Keywords: R_X86_64_32S | Position-Independent Code | static library linking
Abstract: This paper systematically explores the R_X86_64_32S relocation error encountered when linking static libraries to shared libraries in Linux environments. By analyzing the root cause—static libraries not compiled with Position-Independent Code (PIC)—it details the differences between 64-bit and 32-bit systems and provides practical diagnostic methods. Based on the best answer's solution, the paper further extends technical details on recompiling static libraries, verifying PIC status, and handling third-party libraries, offering a comprehensive troubleshooting guide for developers.
Introduction: Background and Symptoms of the Linking Error
In Linux system development, linking static libraries (.a files) to shared libraries (.so files) is a common practice to reuse code and reduce dependencies. However, developers often encounter errors such as:
/usr/bin/ld: ../../../libraries/log4cplus/liblog4cplus.a(fileappender.o): relocation R_X86_64_32S against `a local symbol' can not be used when making a shared object; recompile with -fPIC
../../../libraries/log4cplus/liblog4cplus.a: could not read symbols: Bad value
collect2: ld returned 1 exit statusThis error frequently occurs on 64-bit systems, while it may be absent on 32-bit systems, highlighting the impact of architectural differences on the linking process.
Root Cause: Lack of Position-Independent Code (PIC)
The fundamental cause of the R_X86_64_32S relocation error is that the static library is not compiled as Position-Independent Code (PIC). PIC allows code to be loaded and executed at any memory address, which is crucial for shared libraries as they may be mapped to different locations at runtime.
- Relocation Type: R_X86_64_32S is a relocation type in the x86-64 architecture, handling 32-bit signed addresses. When a static library contains absolute address references, the linker cannot resolve these in a shared library, leading to errors.

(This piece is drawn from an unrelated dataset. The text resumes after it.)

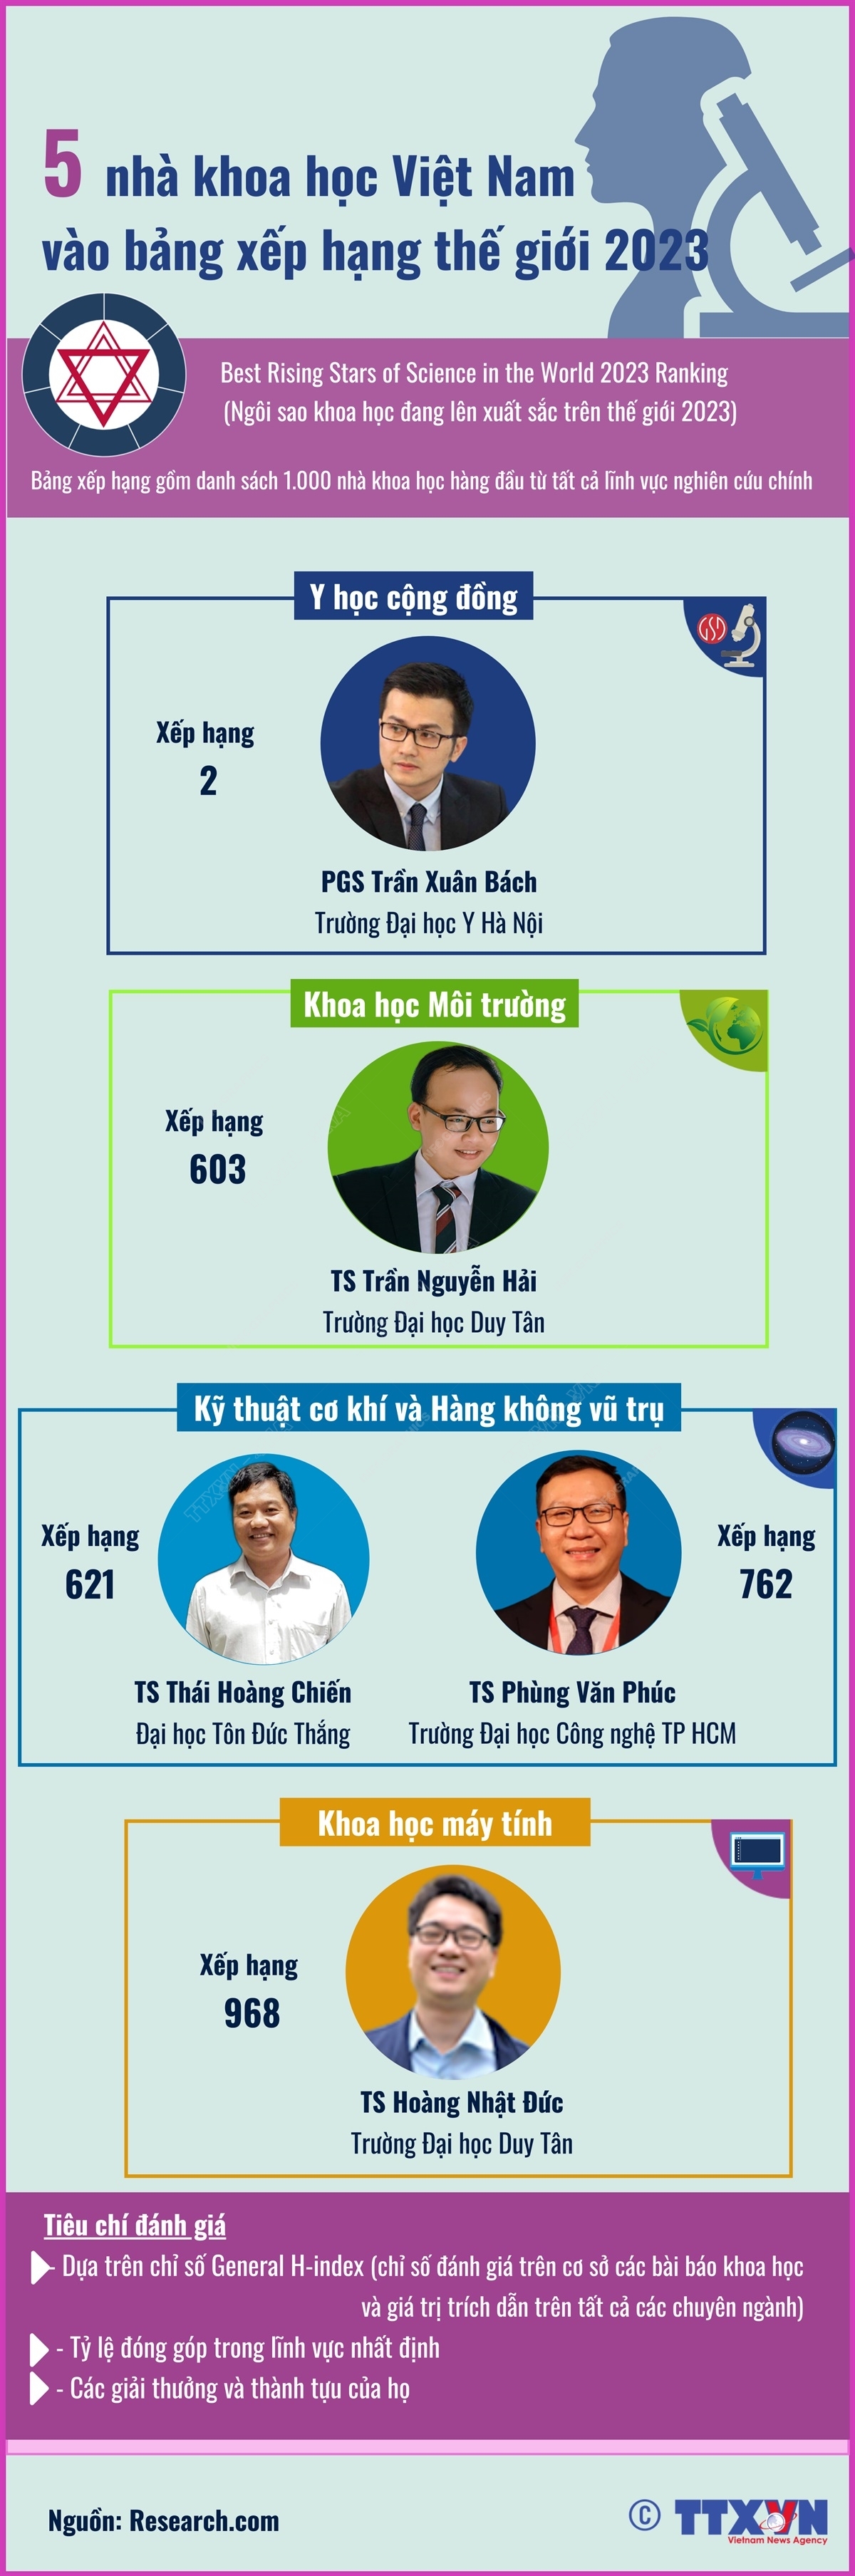 5 nhà khoa học Việt Nam vào bảng xếp hạng ngôi sao khoa học đang lên năm 2023

- System Differences: 32-bit systems may tolerate non-PIC code due to smaller address spaces, while 64-bit systems are stricter, requiring PIC for shared libraries to ensure compatibility and security.

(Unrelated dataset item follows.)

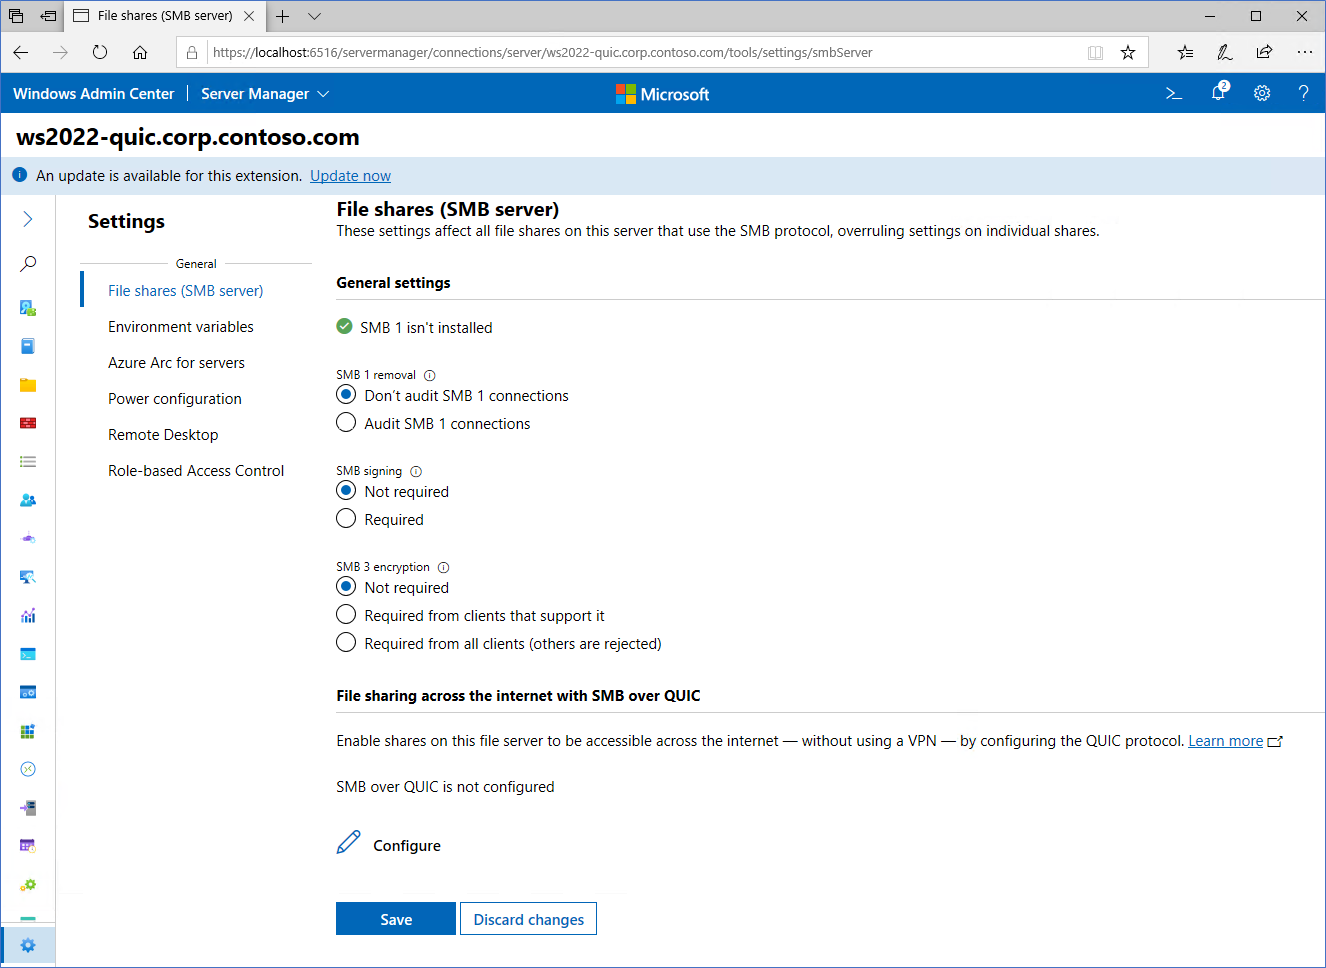 Immagine che mostra la schermata di configurazione per SMB su QUIC in Windows Amministrazione Center

Diagnostic Method: Verifying PIC Status of Static Libraries
Developers can confirm whether a static library is compiled with PIC by following these steps:
- Extract object files from the static library:
ar -x liblog4cplus.a - Check relocation entries:
readelf --relocs fileappender.o | egrep '(GOT|PLT|JU?MP_SLOT)'
If the output is empty, it indicates the static library was not compiled with PIC and cannot be used to generate a shared object. This method relies on ELF (Executable and Linkable Format) tools, providing reliable binary analysis.
Solution: Obtaining or Compiling PIC Versions of Static Libraries
The core solution to this error is to use a static library compiled with the -fPIC flag enabled. Best practices include:
- Recompiling the Static Library: During configuration and compilation of the static library, ensure
-fPICis added to compiler flags. For example, for the log4cplus library, run./configure --enable-static=yes --enable-threads=yes CFLAGS="-fPIC" CXXFLAGS="-fPIC", then executemake. - Verifying the Compilation Process: Check the Makefile or build scripts to confirm
-fPICis correctly applied to all object files. Manually adding flags may be insufficient; ensure global settings are in place. - Using Third-Party Libraries: If the static library is from a third party, contact the vendor for a PIC version or compile it from source yourself. Avoid directly using pre-compiled non-PIC libraries.
Technical Details: Linker Flags and Common Misconceptions
When attempting to resolve this error, developers often misuse linker flags, such as -whole-archive, but this does not address PIC issues. Key points include:
- Compiler vs. Linker Roles:
-fPICis a compiler flag affecting code generation; the linker only processes already compiled object files. Thus, adding-fPICat the linking stage is ineffective. - Error Handling: If errors persist, use tools like
objdumpornmfor further analysis of symbols and relocations to rule out other compatibility issues.
Conclusion and Best Practices
The R_X86_64_32S relocation error reveals key technical challenges in linking static libraries to shared libraries. By understanding the importance of PIC, adopting systematic diagnostic methods, and ensuring static libraries are compiled with PIC, developers can efficiently resolve such issues. In 64-bit Linux development, always prioritize using PIC-compiled libraries to enhance code portability and stability.